Cost Implications Every token in your conversation history is billed as an input token on every subsequent API call. A 50-turn conversation with full history means those early messages are billed 50 times. Aggressive pruning and summarization directly reduce your API costs.
🎓 Cert Tip — Domain 5.1

The "lost in the middle" effect means information in the middle of long context gets lower recall than information at the start or end. Position critical data at the beginning (case facts) or end (current query).

Practical Context Window Management

Knowing the budget exists is one thing — actively managing it in production is another. The patterns below are what you will actually wire into a real ConversationManager. Four moving pieces work together: counting tokens before you send, allocating by percentage, handling overflow, and dynamically sizing the sliding window.

1. Count tokens before the request. Never send first and hope it fits.
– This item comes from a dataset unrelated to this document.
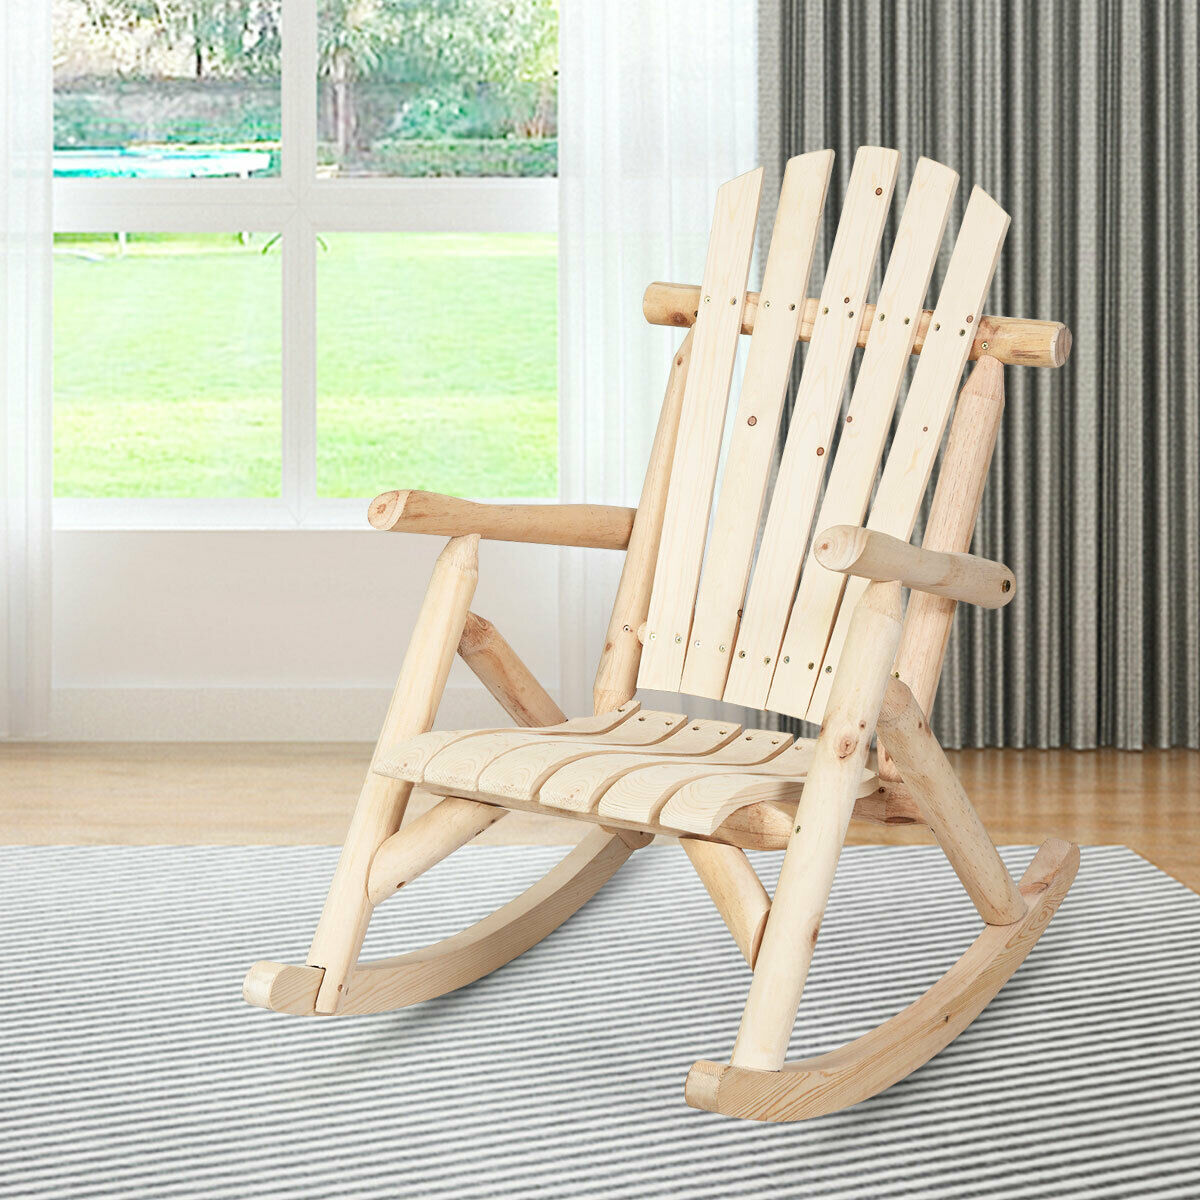 Costway Log Rocking Chair Wood Single Porch Rocker Lounge Patio Deck Furniture Natural - image 4 of 10

Use Anthropic's count_tokens endpoint or a local tokenizer to size the payload up front:

# Pseudocode — run BEFORE every API call input_tokens = count_tokens(system) \ + count_tokens(messages) \ + count_tokens(user_msg) if input_tokens + max_tokens > CONTEXT_LIMIT: messages = prune_to_budget( messages, target = CONTEXT_LIMIT - max_tokens - 5_000 # safety margin ) response = client.messages.create(...)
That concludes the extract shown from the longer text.